> _EXERCISE DETAILS_
Make an exact transcript of the lines in the data below, starting with the one containing "Ромадина, Н.Г. Николай" and going on through the one containing "März 1993, den", with both included and the pictures left out.

*** PROVIDED ENTRIES Section Begins ***

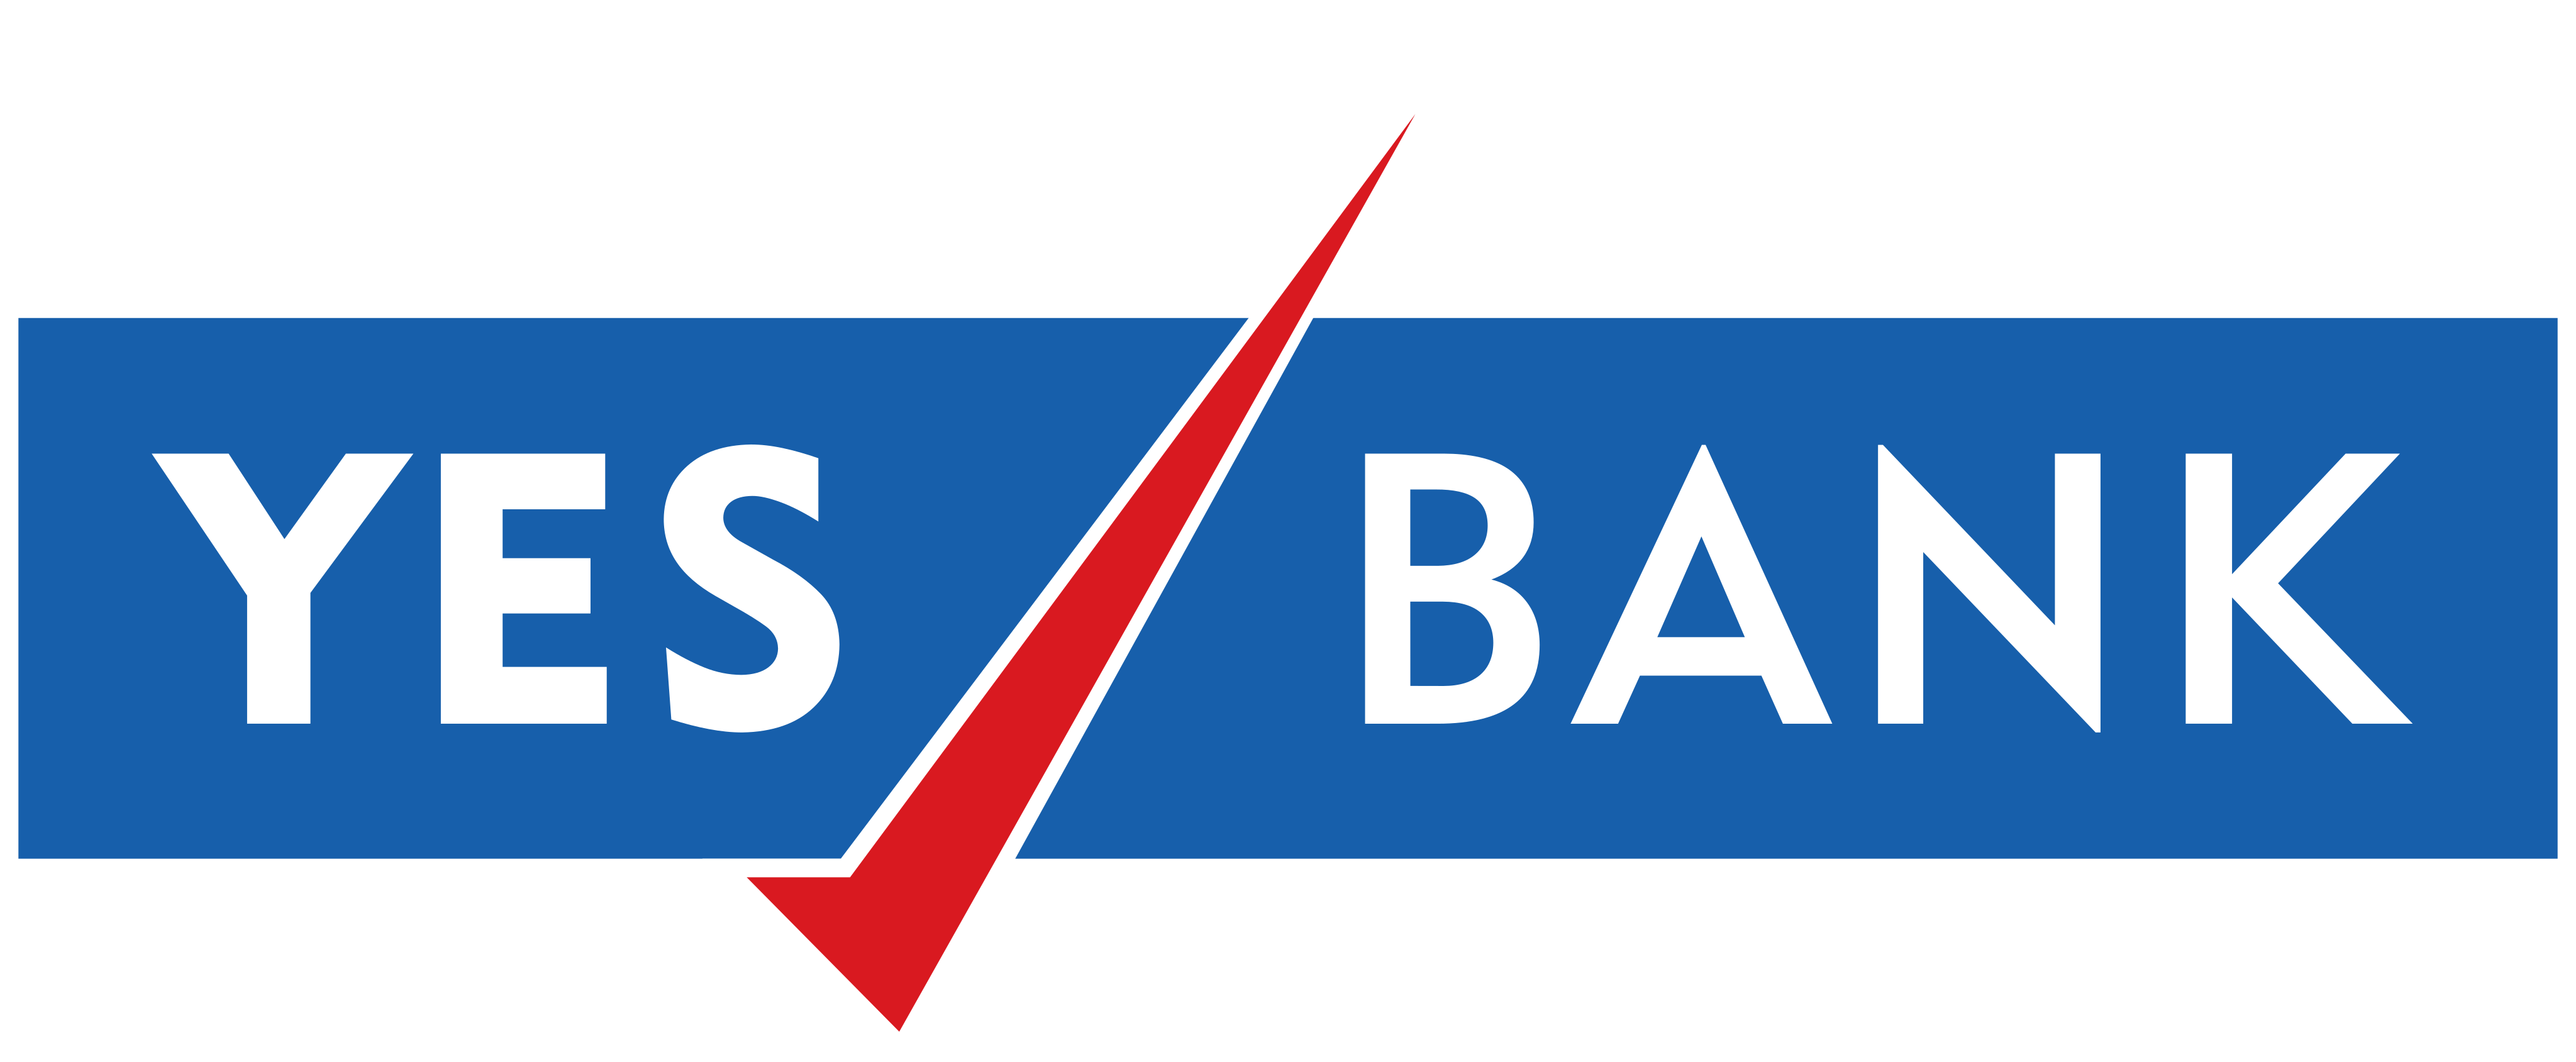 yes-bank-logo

*** PROVIDED ENTRIES Section Ends ***
*** PROVIDED ENTRIES Section Begins ***

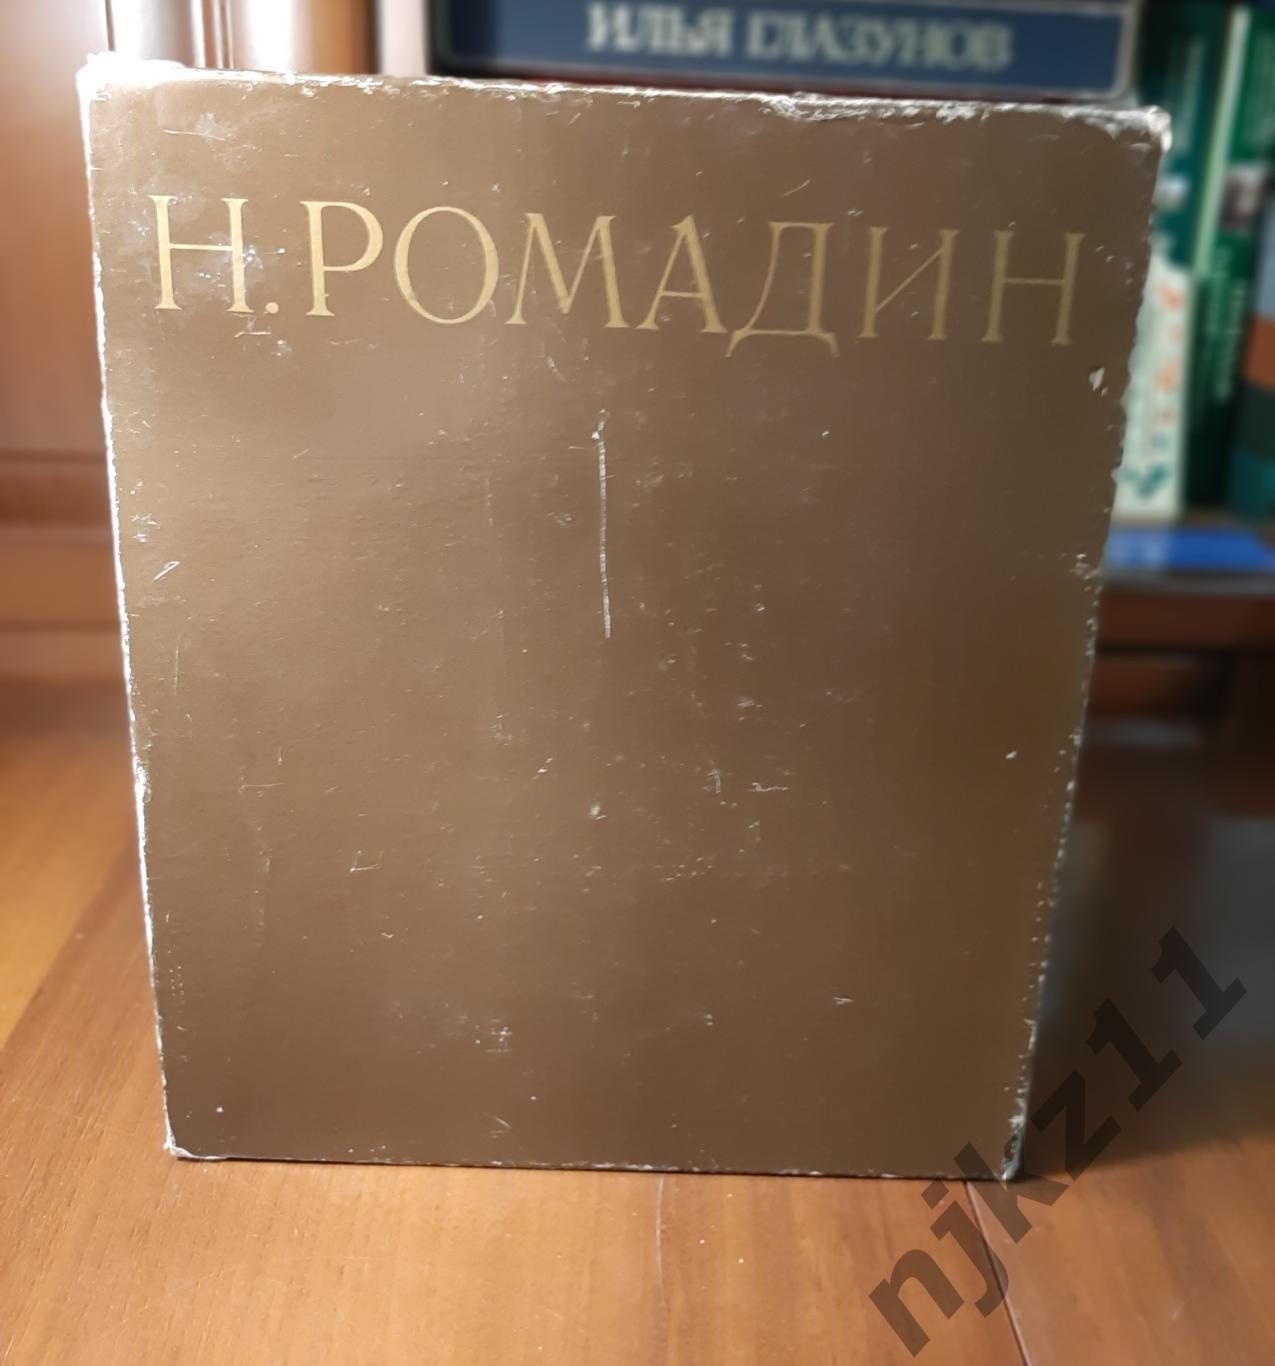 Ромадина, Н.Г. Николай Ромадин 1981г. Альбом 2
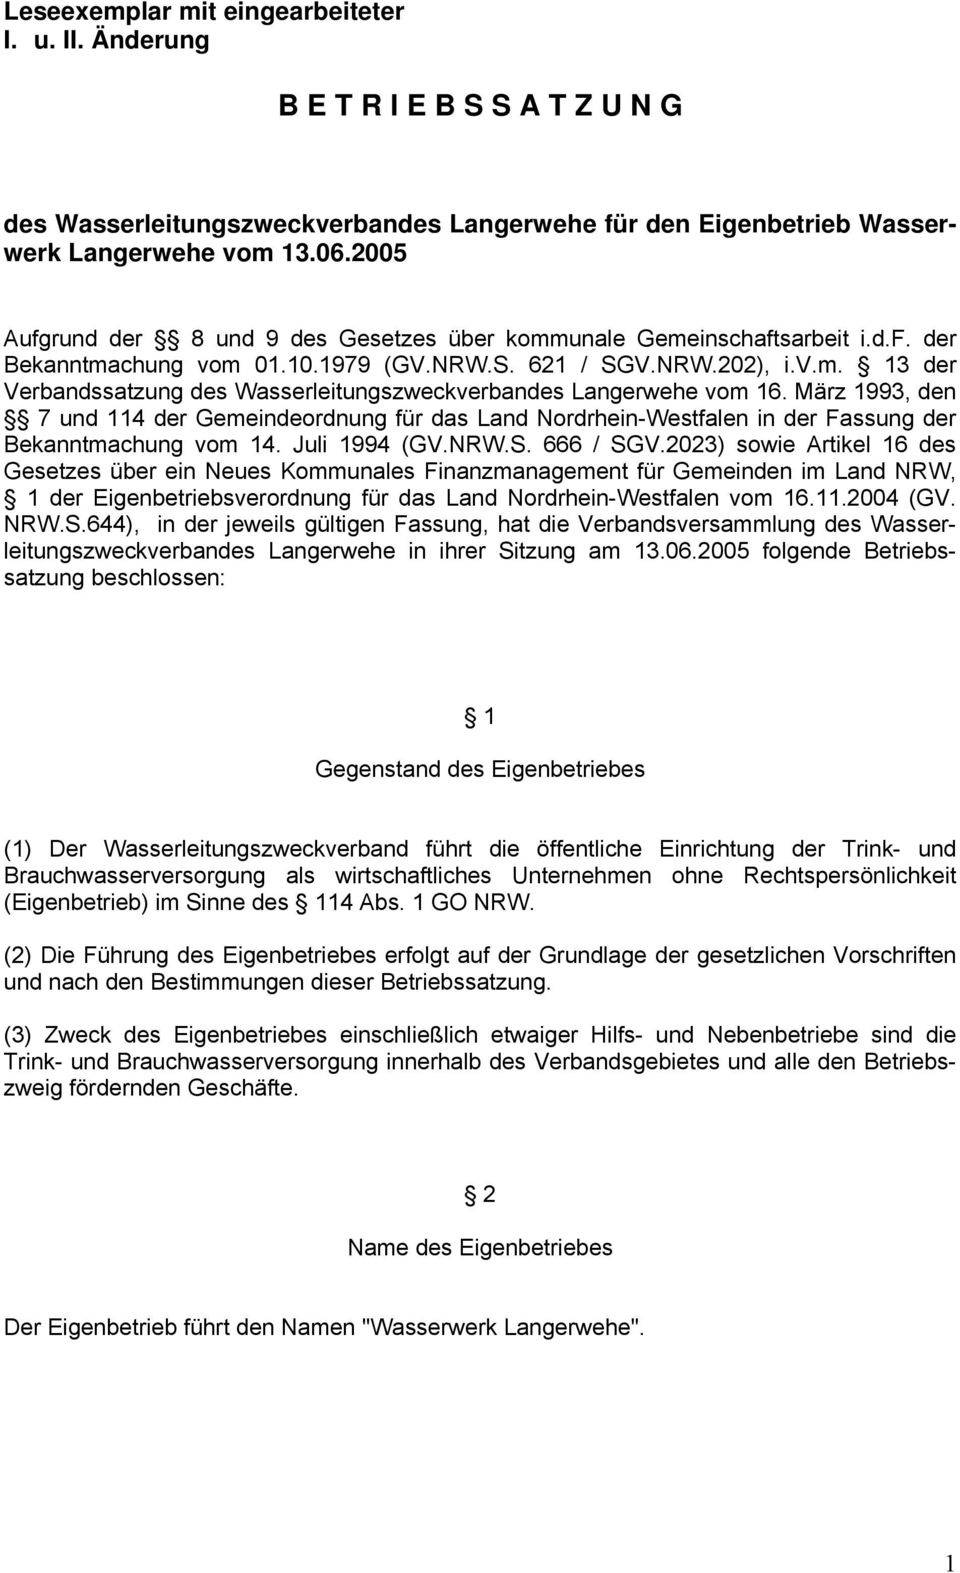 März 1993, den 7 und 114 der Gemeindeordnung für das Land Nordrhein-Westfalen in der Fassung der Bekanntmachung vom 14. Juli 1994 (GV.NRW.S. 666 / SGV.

*** PROVIDED ENTRIES Section Ends ***

> _RESULT OF THIS EXERCISE_
 Ромадина, Н.Г. Николай Ромадин 1981г. Альбом 2
 März 1993, den 7 und 114 der Gemeindeordnung für das Land Nordrhein-Westfalen in der Fassung der Bekanntmachung vom 14. Juli 1994 (GV.NRW.S. 666 / SGV.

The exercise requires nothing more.